Efficiency Safety (Budget Engine)
Adaptive token budgeting reserves context for reasoning or recall based on retrieval confidence. Planned extensions incorporate toxic memory filters (guardrails for prompt injection), and GDPR-compliant "Right-to-be-Forgotten" cascades to purge derivative summaries.
Governance Cycle: Integrated Memory Adjudication
MemArchitect's governance cycle consists of three tightly coupled execution paths:
- Read Path: Query classification, decomposition, and candidate auction, followed by discrimination and graph expansion before fitting the adaptive token budget.
- Reflect Path: Usage feedback identifies contributing memories for utility reinforcement and resets FSRS curves.
- Background Path: Idle-time consolidation enforces lifecycle rules—pruning obsolete data and compressing episodic details into facts.
This continuous loop maintains memory health, prevents context collapse, and ensures compliance-driven adjudication.
Empirical Evaluation: Comparative Analysis
Benchmarking against MemOS and SimpleMem using the LoCoMo-10 dataset, MemArchitect demonstrates markedly improved aggregate accuracy (+7.45%), confirming the efficacy of policy-driven governance over raw compression or OS-style infinite retention.
- Against SimpleMem (Qwen-3B backbone), MemArchitect achieves dominant improvements across all tasks, notably temporal reasoning (+39.2% accuracy), as policy-driven retention preserves critical temporal markers.
- Against MemOS (Llama-3.1-8B backbone), MemArchitect sacrifices some raw recall (notably in temporal reasoning, -44.9% accuracy) due to aggressive decay. However, it surpasses MemOS in open-domain and multi-hop tasks (+11.3% and +4.1% respectively), indicating superior semantic synthesis and resilience against context pollution.
- These results substantiate the claim that adjudication models shift failure modes from uncontrolled hallucination towards tunable pruning, a manageable trade-off for agentic robustness.

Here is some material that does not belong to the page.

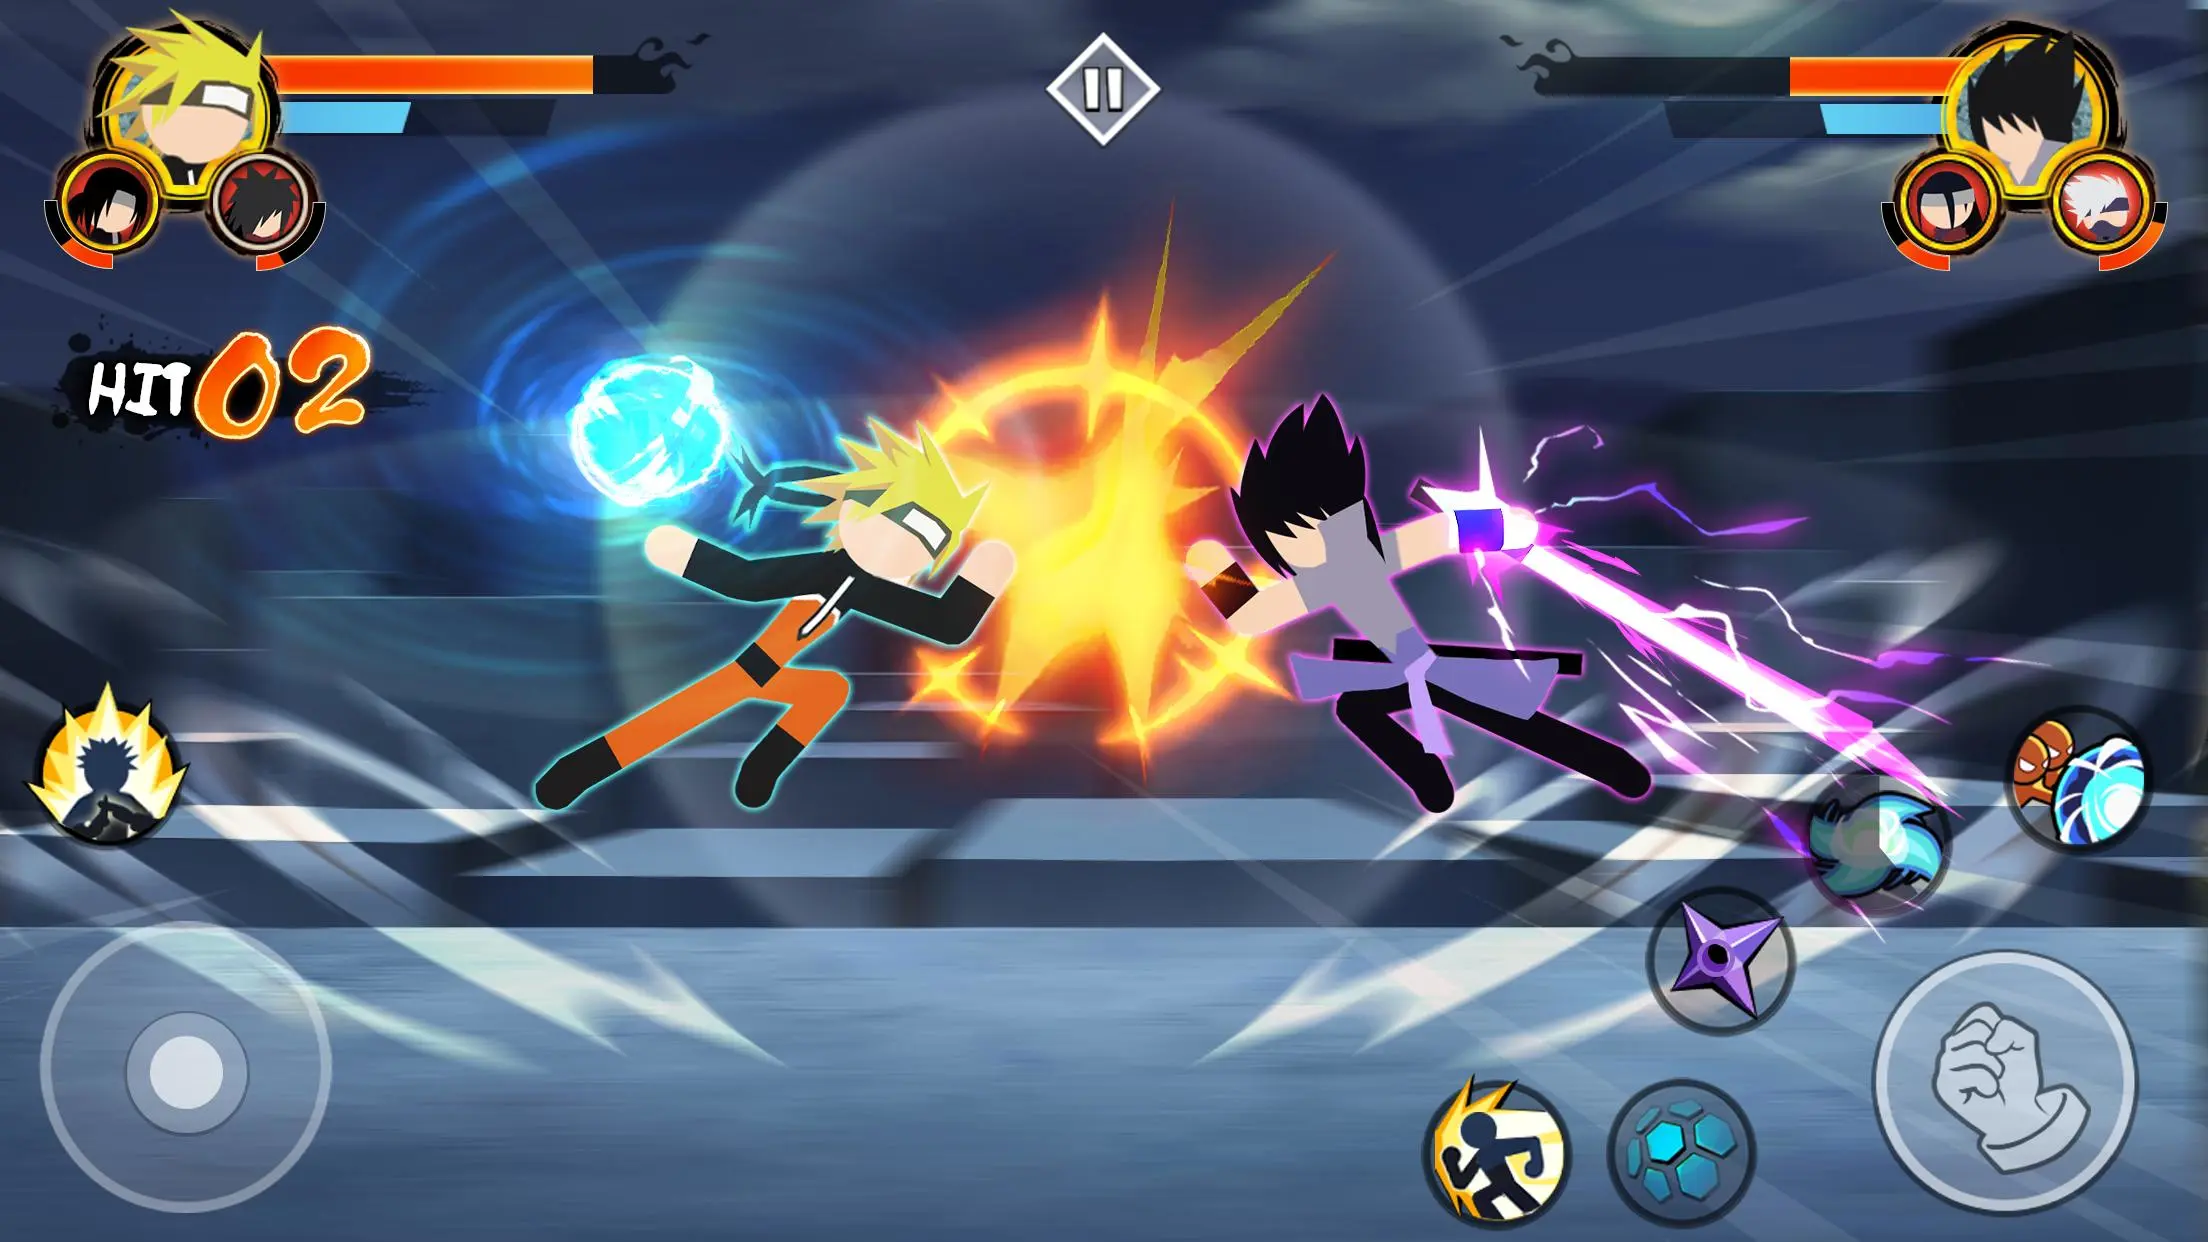 Download Stickman Ninja - 3v3 Battle android on PC

Implications and Research Trajectory
MemArchitect’s explicit governance protocols articulate a new paradigm for memory management in agentic LLM architectures. By adopting active adjudication policies, the system enables sustained coherence for multi-session personalization, compliance, and reliable factual recall. Practically, it reduces context pollution and the proliferation of "zombie memories," making LLM agents suitable for critical deployment scenarios demanding longitudinal reliability and privacy.

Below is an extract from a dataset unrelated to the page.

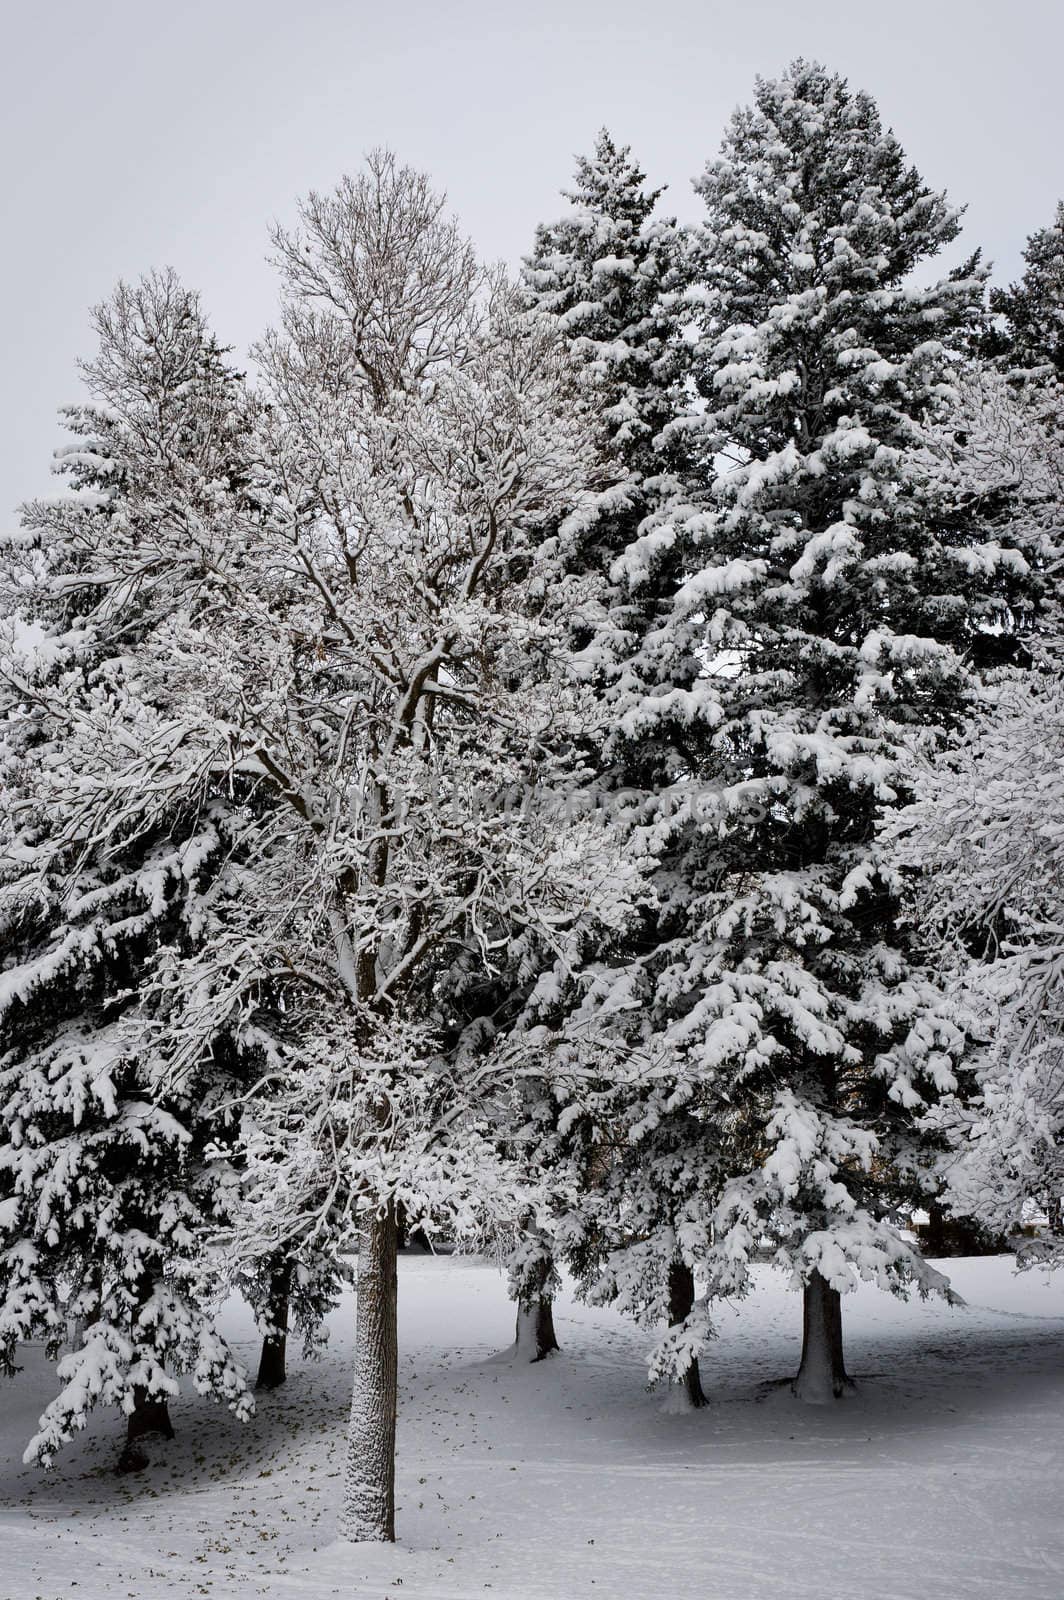 Snow covered trees, Lindley Park, Bozeman, Montana, USA by CharlesBolin

The architecture's implications extend to future developments: integrating advanced NLI-based conflict resolvers, refining FSRS calibration for low-frequency fact retention, enforcing compliance (e.g., "Right-to-be-Forgotten"), and expanding evaluations on benchmarks such as LongMemEval, PreFEval, and PersonaMem. The approach positions memory governance as a tunable, policy-driven layer, potentially transformable into learned-regulatory modules for continual adaptation.
Conclusion
MemArchitect establishes a policy-driven governance layer for memory lifecycle, consistency, retrieval, and compliance in agentic LLM architectures. Empirical benchmarks indicate strong aggregate improvements in accuracy and semantic integrity compared to algorithmic and system-level baselines. The architecture shifts agentic memory management from passive storage and compression toward active, policy-controlled adjudication, substantiating the necessity of explicit governance for long-term dependable AI agents. Future research will target robustness, benchmark generalization, and expanded policy enforcement for compliance and personalized agent memory.